Should Trump win, International Bancshares would almost certainly see a selloff; its business model thrives on free trade.

The bank's CEO endorsed Trump, adding to the bank's reputational risk. Mexican depositors would likely punish the bank by pulling funds if Trump wins.

With the bank near 52-week highs, the price on this Trump insurance policy is right.

As you probably know if you read my Daily Briefings, I'm bullish on Donald Trump's odds of winning the presidency. The US media is making the same errors it did in saying he'll lose now as when they panned his odds of winning the Republican nomination.

In any case, the election has narrowed to about 60/40 odds according to betting sites now, and Trump certainly has momentum in the polls. So, if things continue as such, the market may start to see more of a Trump panic in the coming weeks.

Assuming Trump wins, there should be a sharp short-term hit to certain stocks that would be vulnerable to Trump's rhetoric. Mexican discount airline Volaris (NYSE:VLRS), which I've profiled previously, is one such example. The outlook for US-Mexican aviation would certainly dim at least in the short run if Trump wins, and the stock is somewhat overvalued even if the Trump effect doesn't kick in.

Another way to fade the Trump win is to go after the companies along the border that benefit from close relations with Mexico. I've been digging through the filings and reading books on the border's maquiladora factories to try to figure out who is potentially exposed.

My take is that the most hard-hit US cities would be those right on the Texas-Mexico border that benefit heavily from trade and migrant workers. We're talking Laredo, McAllen, and to a lesser extent Brownsville and El Paso. I particularly want to be short McAllen if Trump wins.

Now how can we get short a city specifically?
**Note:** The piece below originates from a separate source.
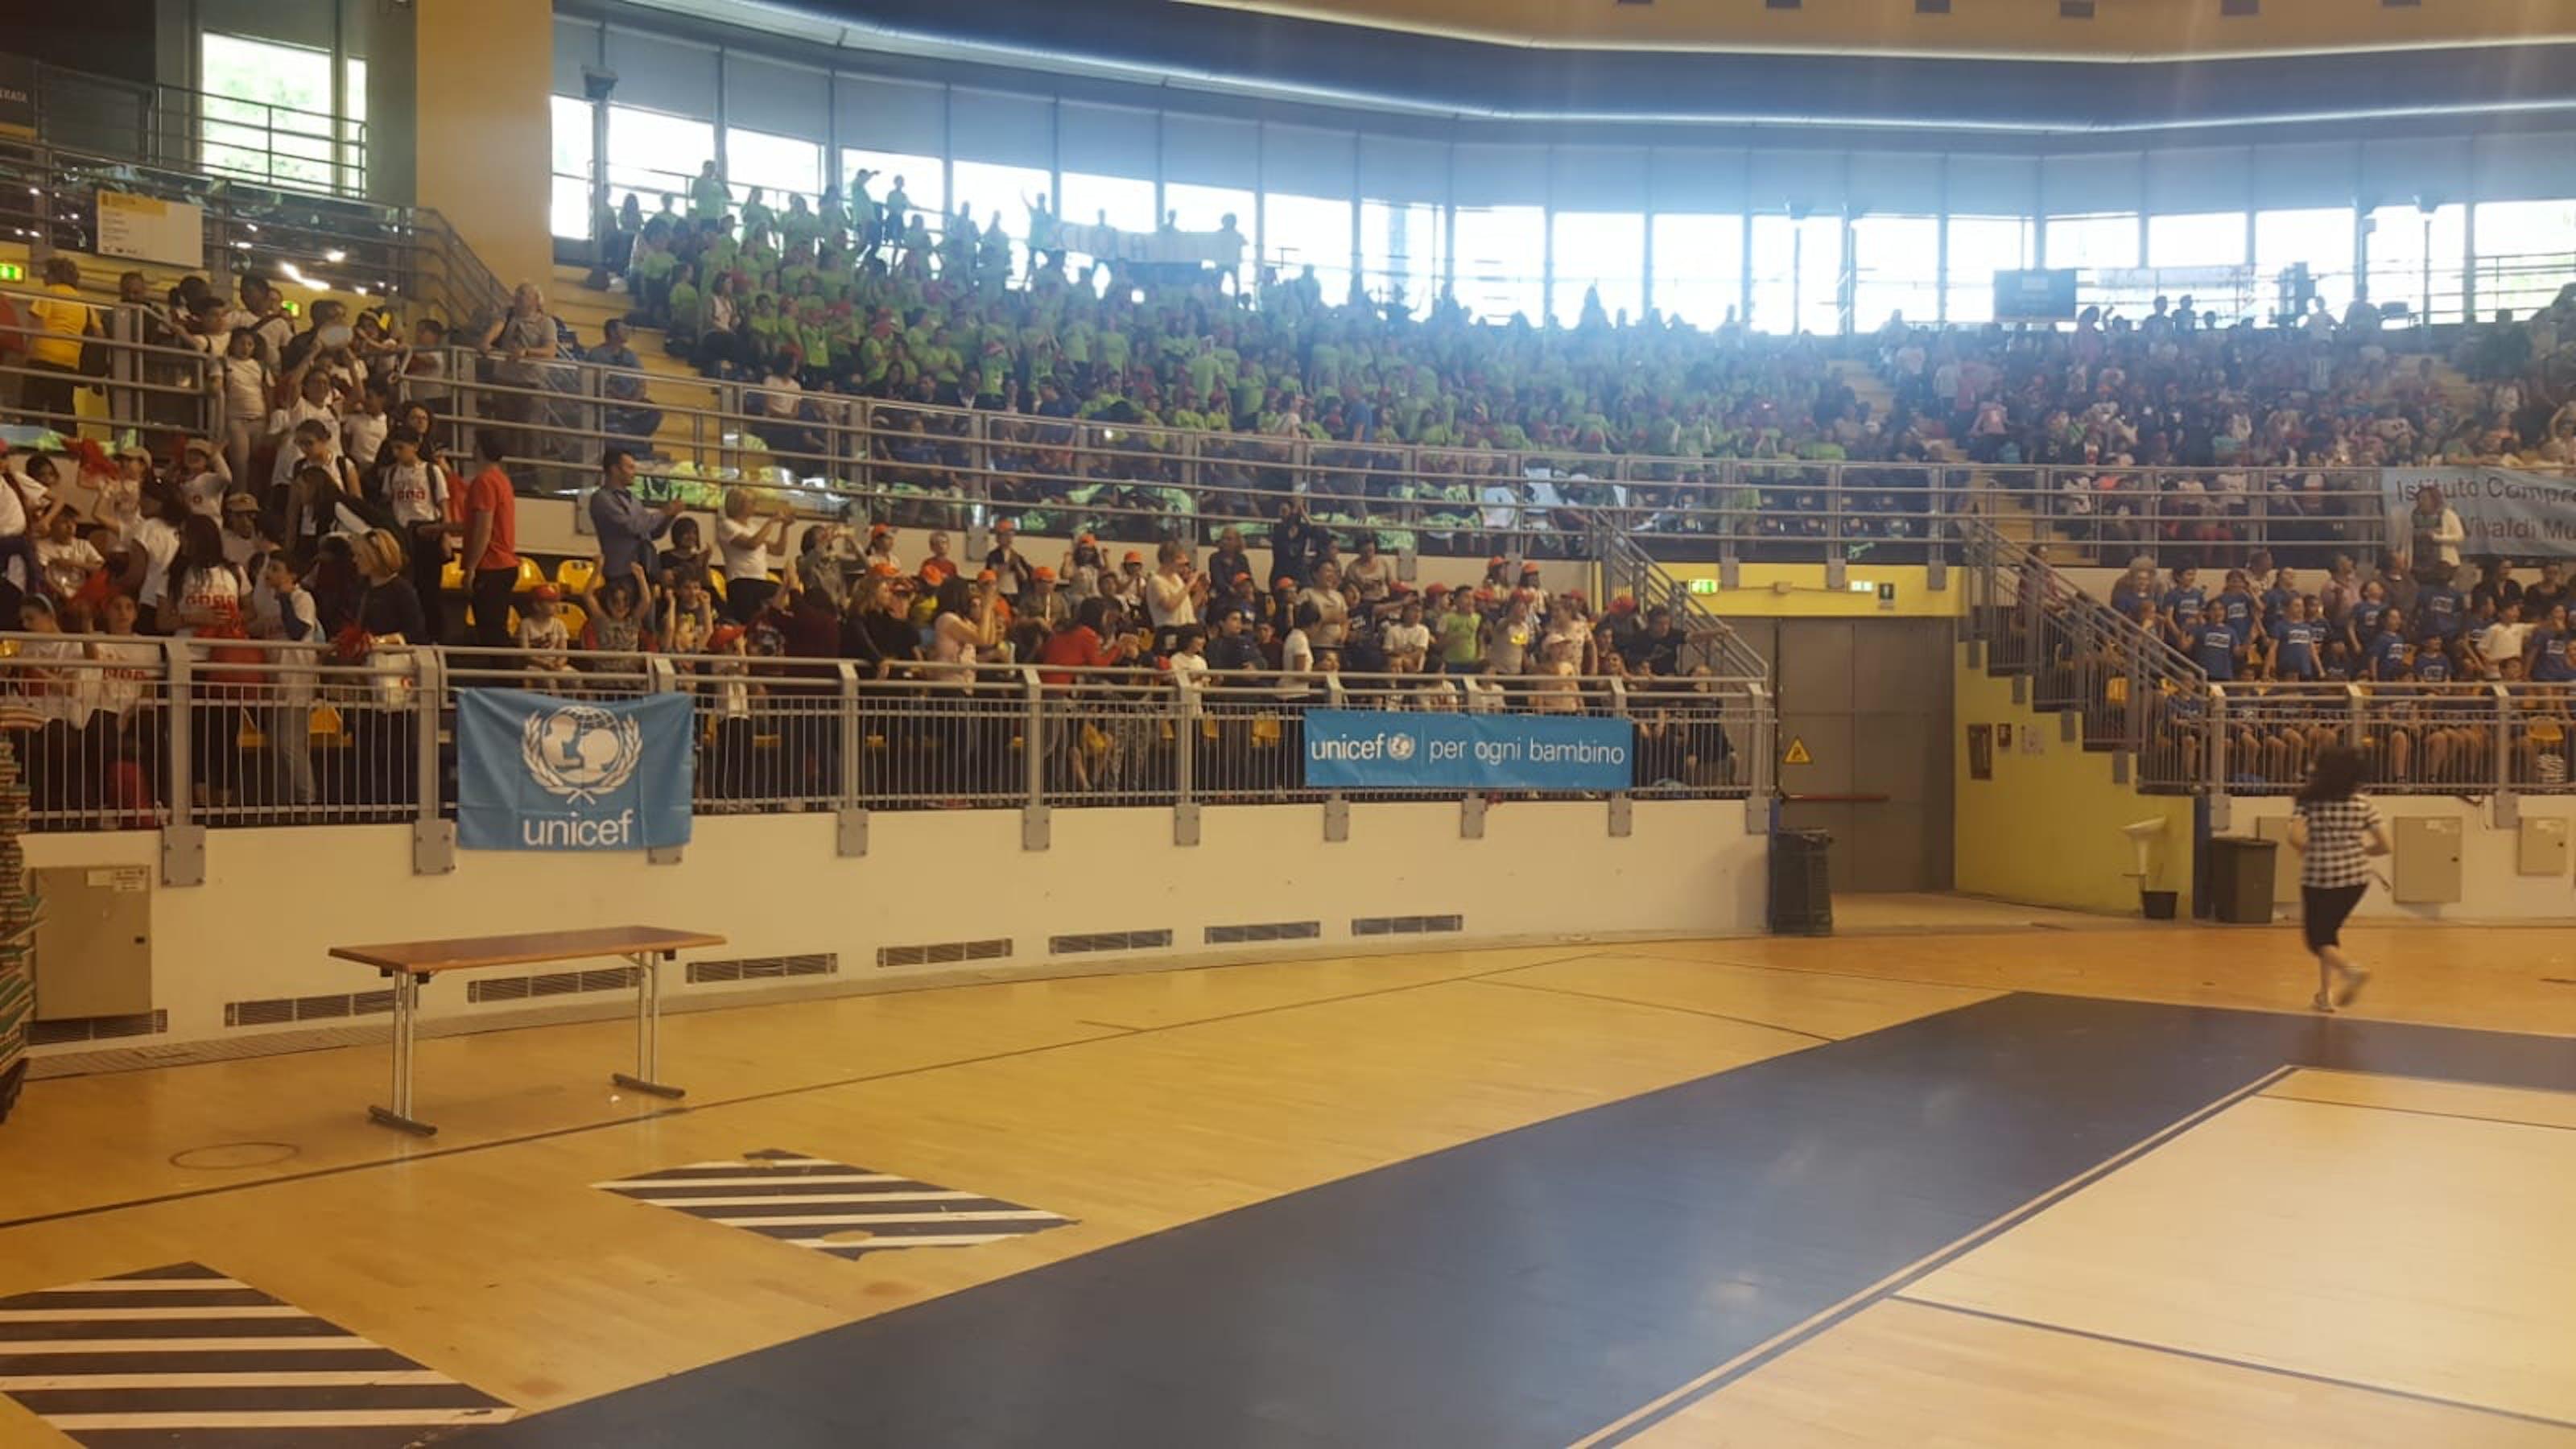 """""""Un Giorno per Sport"""" con quattromila studenti e l'UNICEF al Parco Ruffini di Torino"""
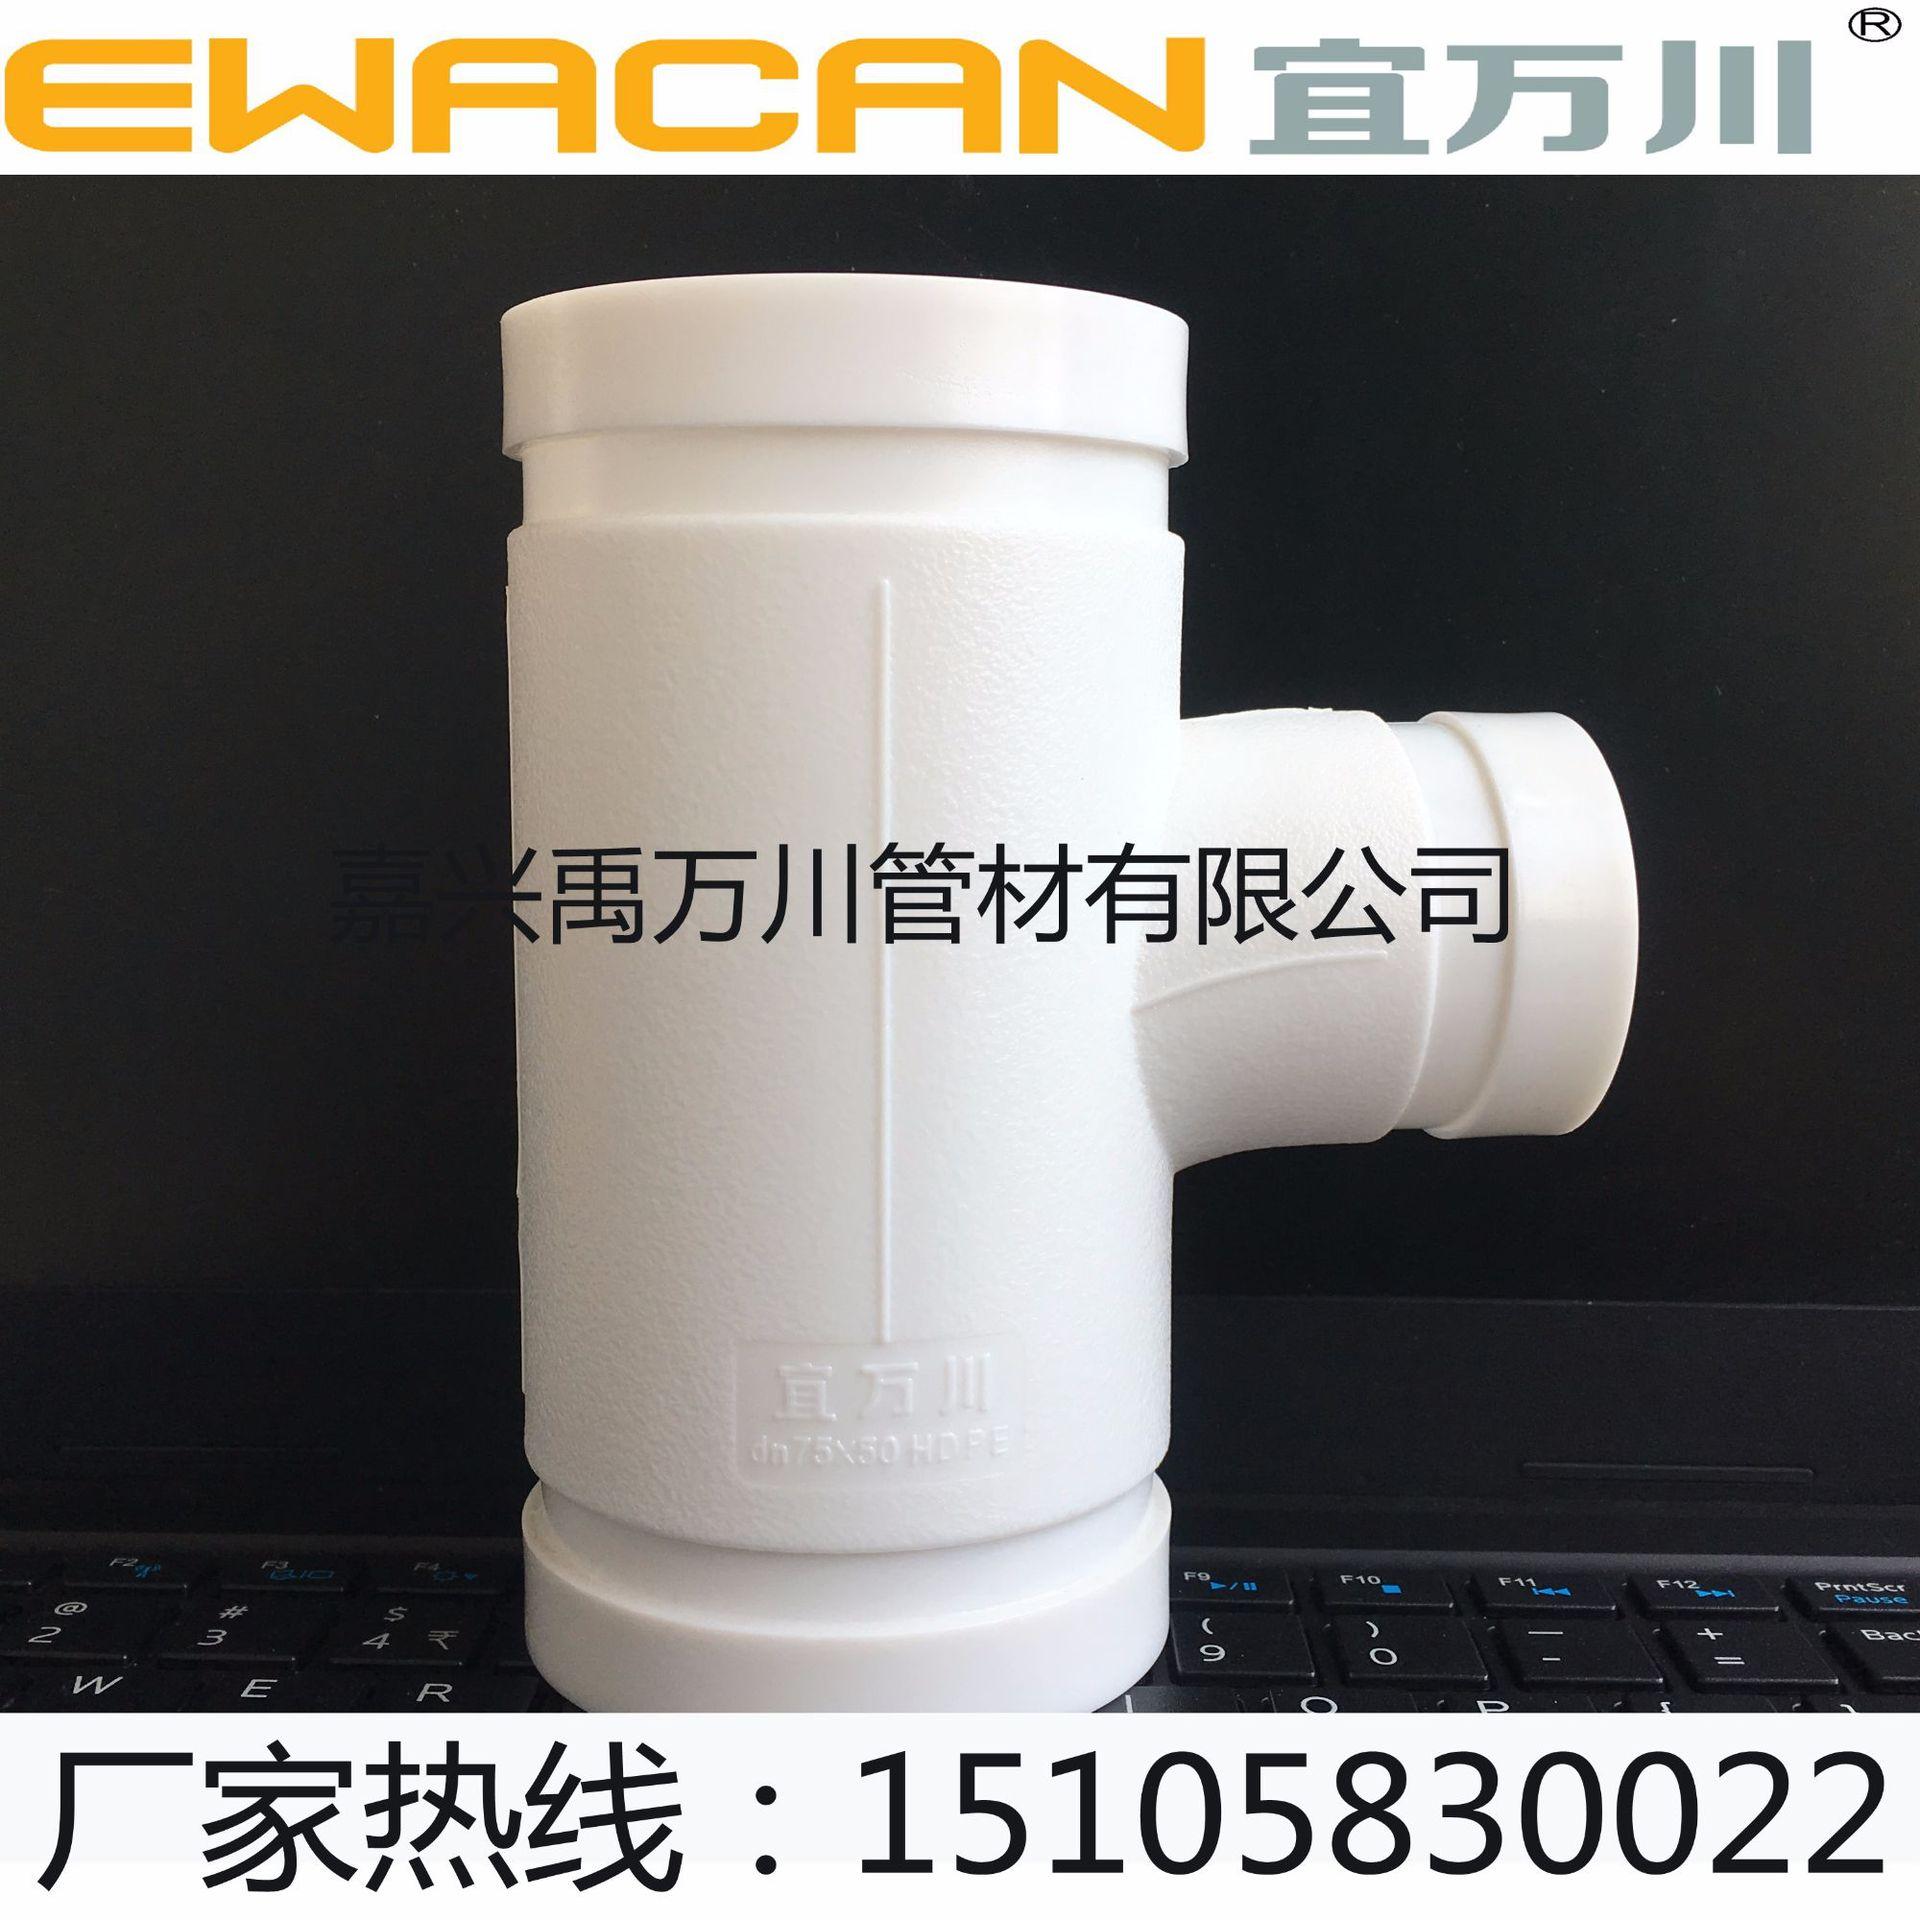 HDPE沟槽式超静音排水管,沟槽式HDPE静音排水管,沟槽柔性连接示例图6

There obviously aren't shares of McAllen, Texas Inc. listed, but there are ways to target a regional economy. Perhaps the easiest is to go after a local area's banks. Thanks to FDIC data, we can pinpoint who has the most exposure and go hunting. Here's Hidalgo County, Texas, home of Nafta-boomtown McAllen:

The largest bank in the market, not shockingly, is controlled by a Spanish firm, BBVA (NYSE:BBVA). This is to be expected, given the huge Hispanic population in Hidalgo County. BBVA is far too big for this exposure to make a particular difference to them. Next up, you have Lone Star National Bancshares - which is a troubled bank, according to the OCC; the company has been implicated in banking for drug cartels in Mexico. Alas, Lone Star isn't public, so we can't short it.

Next up, we have International Bancshares (NASDAQ:IBOC), with 13.4% of the market in Hidalgo County. With 29 offices in Hidalgo County, it has plenty of exposure to McAllen, which is exactly what we're looking for. The list goes on, but nothing else has such a large concentration in McAllen and is publicly-traded. The other exposed players, such as Texas State Bankshares, are privately-held. So International Bancshares is the way to play.

And oh is it so. A further dig into International Bancshares finds a bank profoundly exposed to NAFTA, Mexico, and the continued presence of unfettered free trade. A Trump win would potentially be devastating for this firm. And the bank's president endorsed Trump. But we'll get to all that in a second.

Why Short McAllen, Texas?

To put it simply, McAllen has quite possibly been the biggest single winner out of US cities thanks to NAFTA. McAllen, and Reynosa, Mexico on the other side of the Rio Grande, constitute one of the fastest growing metropolitan areas on the continent.

In the 1990s, the decade NAFTA was made into law, McAllen was the second-fastest growing metro area in the whole of the United States, outpacing even other such Texas growth stories as Austin/Round Rock. McAllen only trailed Las Vegas, as McAllen grew 49% in size over the decade. And unlike Las Vegas, it didn't crash subsequently.

The McAllen metropolitan area grew from 283,000 people to 569,000 between 1980 and 2000, a more than doubling in twenty years. By 2010, that figure had tacked on yet another 200,000 new inhabitants. Including Reynosa, also booming, on the Mexican side of the border, the area is close to 2 million people now.

And the economy is profoundly dependent on maquiladoras (low-wage Mexican factories along the US border), and trade - mostly the importation of those goods into the US and distribution to points further along. In other words, this is a boom city built almost entirely on the arbitrage of labor prices between the US/Canada and Mexico for goods such as automobiles, household appliances, and consumer electronics.